Elisabetta aveva il nome di una regina, e regina lo era, per davvero.


Nonostante la sua giovane età, portava con se i sentimenti più nobili e regali, che la sua piccola città avesse mai immaginato.


Ma forse, troppo gentili, per quell’ambiente, fatto per la maggior parte da individui,
che passavano il loro tempo, a ruttare davanti ai bar, sempre per loro, aperti.


Elisabetta, non aveva nessuna guardia del corpo, nessun impero, nessun Re, a difenderla da tutto, e quando si inoltrava tra quelle strade, era una carneficina, per le sue emozioni,
per la sua bianca e sensibile, pelle;


Quando rincasava, aveva mille e ancora di più, tagli, sulla sua esile e delicata, schiena.


Nella sua piccola cameretta, l’ansia era la sua migliore amica, sempre presente,
come l’insoddisfazione, di non piacersi, di non essere all’altezza del mondo,
di essere strana, e sempre, come un ladro, giudicata da tutti.

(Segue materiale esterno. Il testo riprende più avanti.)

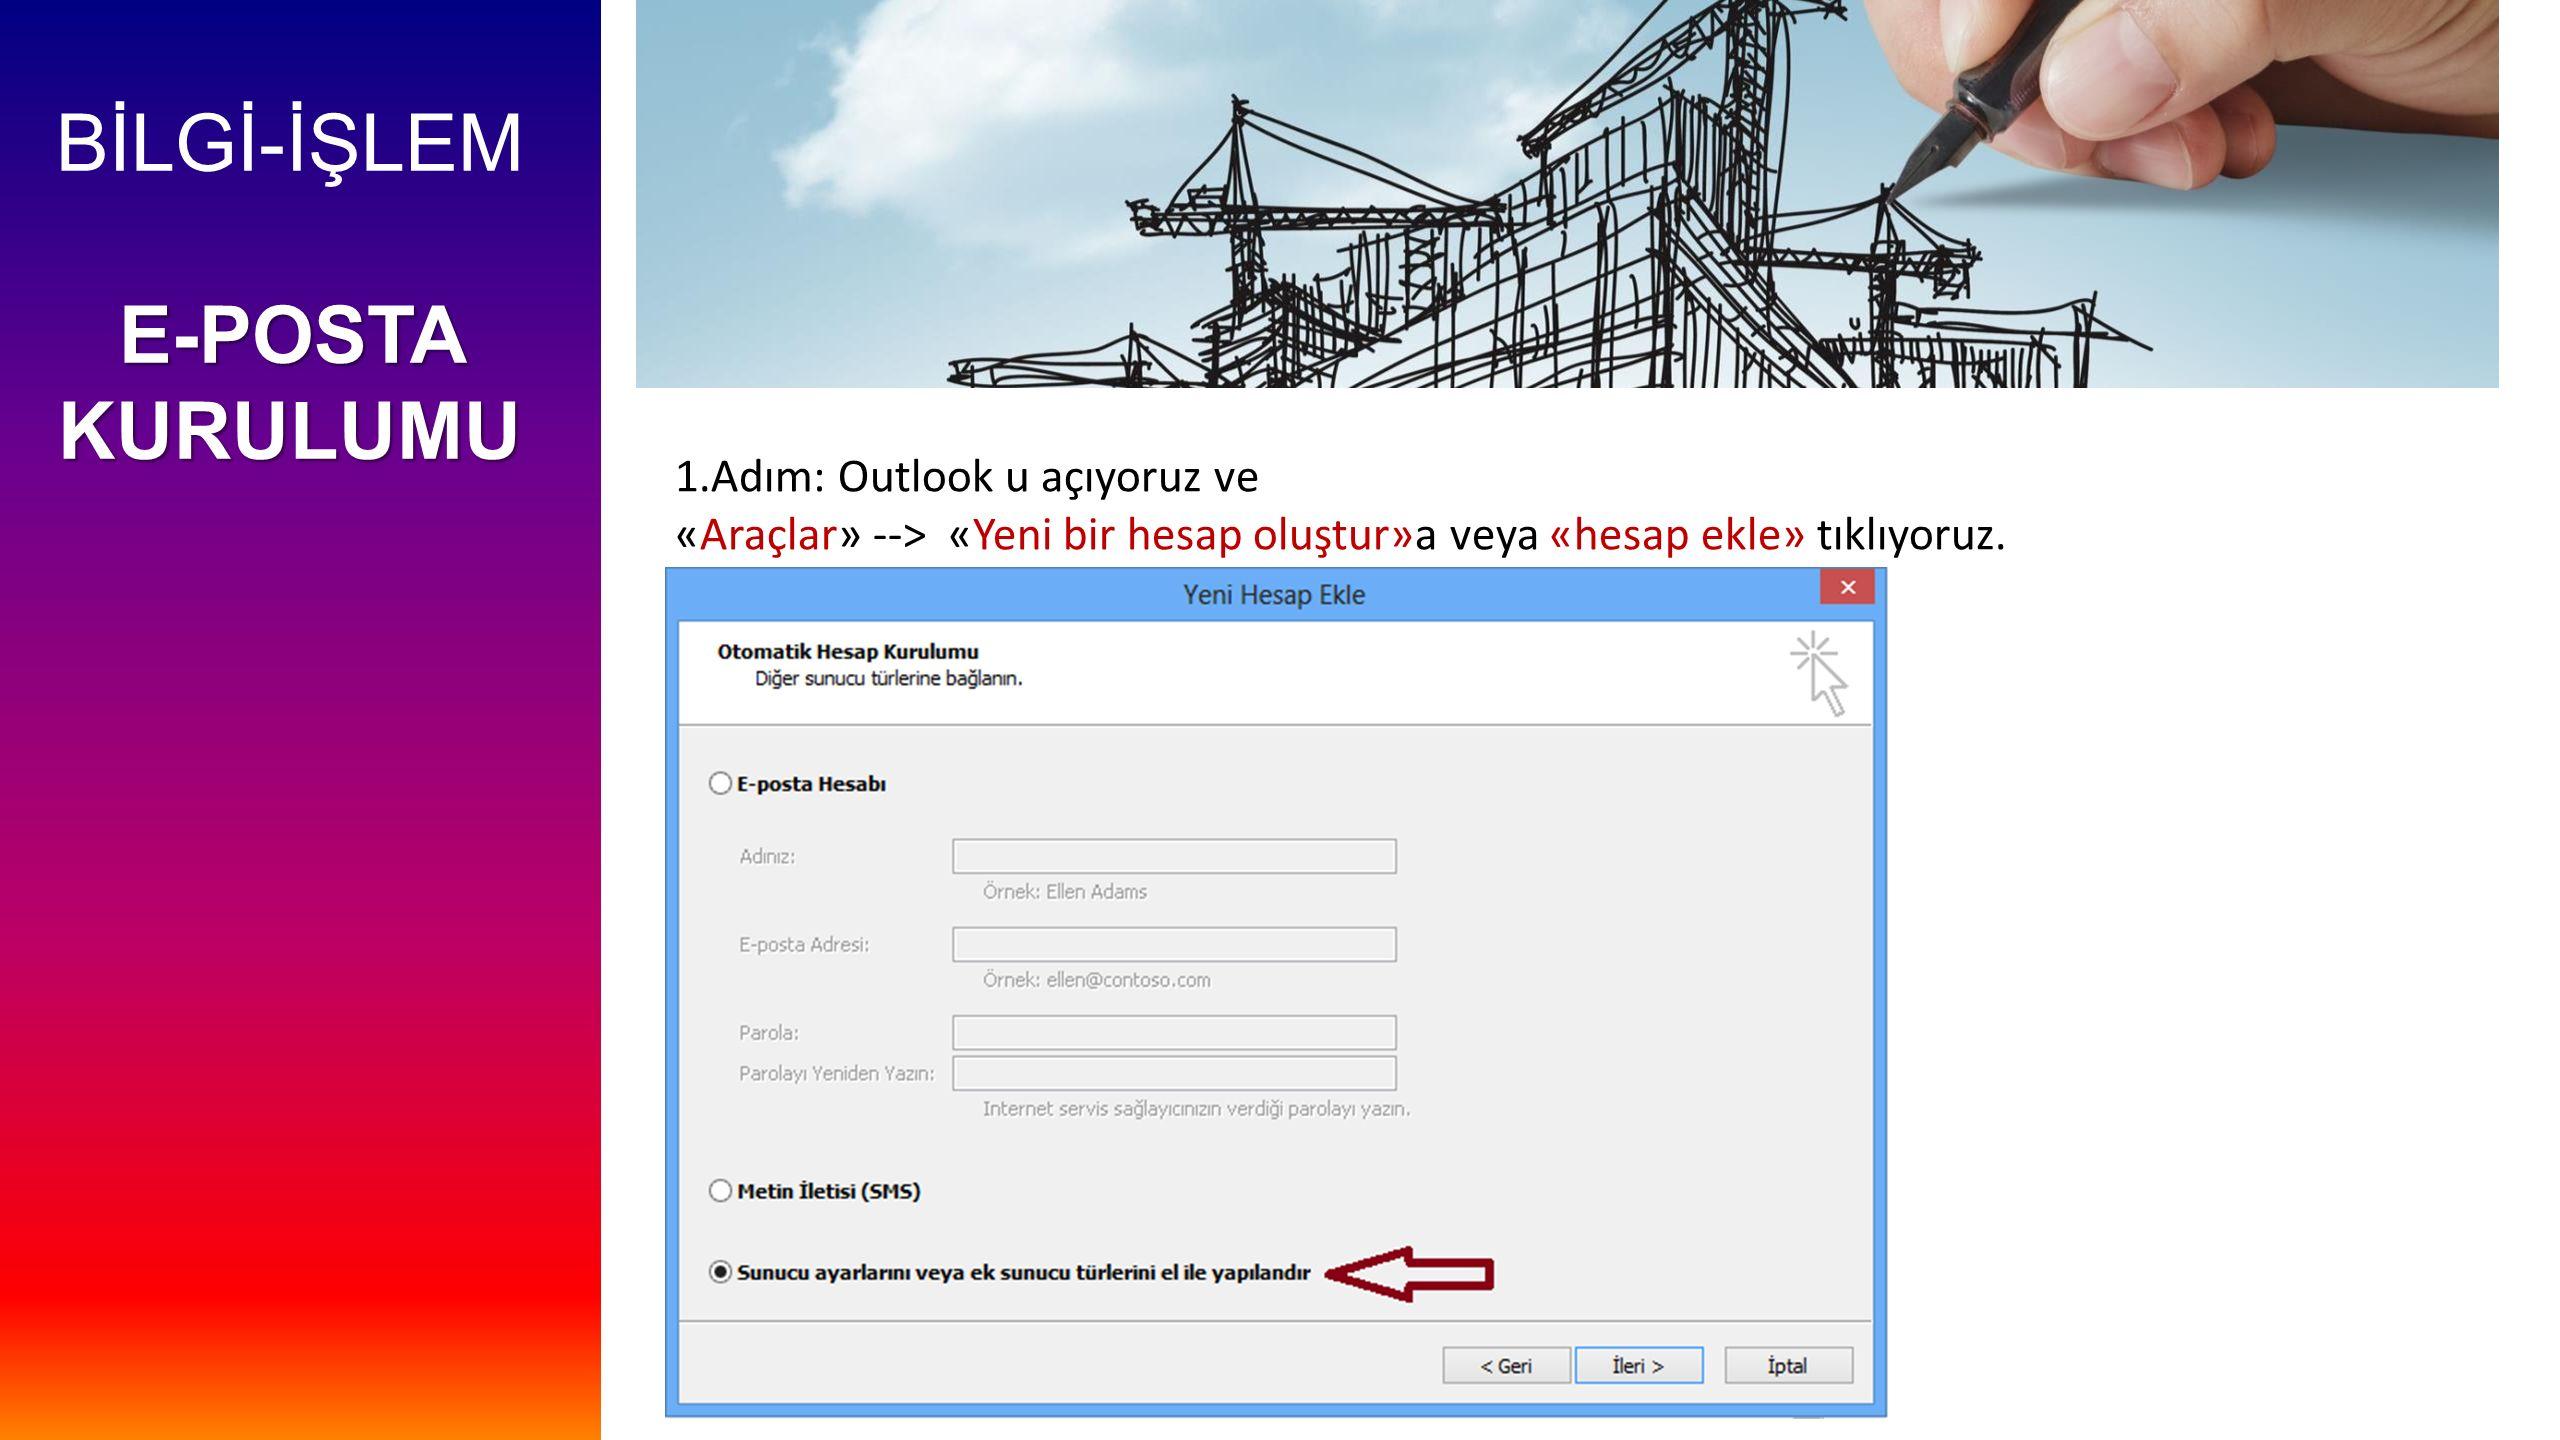 BİLGİ-İŞLEM E-POSTA KURULUMU 1.Adım: Outlook u açıyoruz ve «Araçlar» --> «Yeni bir hesap oluştur»a veya «hesap ekle» tıklıyoruz.

I genitori, per la maggior parte del tempo assenti, non le davano il minimo aiuto, pensando fossero i “soliti problemi” di ogni adolescente, e quando si preoccuparono sul serio, era ormai, troppo tardi.


Divorata, dalla cattiveria delle persone, e dalle tante, infinite insicurezze, fini sulla scrivania di un “esperto luminare” che la riempì, come ed più, di una cavia di laboratorio, di ogni farmaco possibile.

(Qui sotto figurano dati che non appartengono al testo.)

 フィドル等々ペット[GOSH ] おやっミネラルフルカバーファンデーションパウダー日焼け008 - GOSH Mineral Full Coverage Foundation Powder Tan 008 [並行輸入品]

Le aveva prescritto, una pillola per ogni sua paura, e la sua mente annebbiata,
non riconosceva più il sole;

il cielo azzurro, era sempre grigio, per lei,
la primavera, sempre inverno.


Elisabetta, era soltanto un’altra vittima, della vita, messa al palo, per essere troppo bella, dentro, troppo sensibile, troppo tutto.


I suoi occhi ed i suoi sogni, si spensero, come abbandonate luci di periferia, sferzate dal vento e dalla solitudine, e mai riparate, da nessuno.

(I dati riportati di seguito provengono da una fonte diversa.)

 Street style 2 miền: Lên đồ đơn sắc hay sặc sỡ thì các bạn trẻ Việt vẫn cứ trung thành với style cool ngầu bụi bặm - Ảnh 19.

Ora Elisabetta, vive in un castello, con sbarre di ferro ad ogni porta e finestra, dicono in giro, che è meglio così, che nessuno lì, possa farle più del male, ma, se vedessero per un solo istante, quello che i suoi gonfi occhi, sono costretti a vedere, ogni maledetto, li dentro, giorno, si ricrederebbero all’ istante.


Il più bel fiore della sua terra, gettato in un porcile, calpestato ogni giorno, nella sua grazia,
ferita, nel profondo, senza tregua, della sua candida, anima.


Elisabetta, da tempo ha smesso di essere una regina, ha smesso di sognare, e per colpa della vita, purtroppo, persino, di vivere.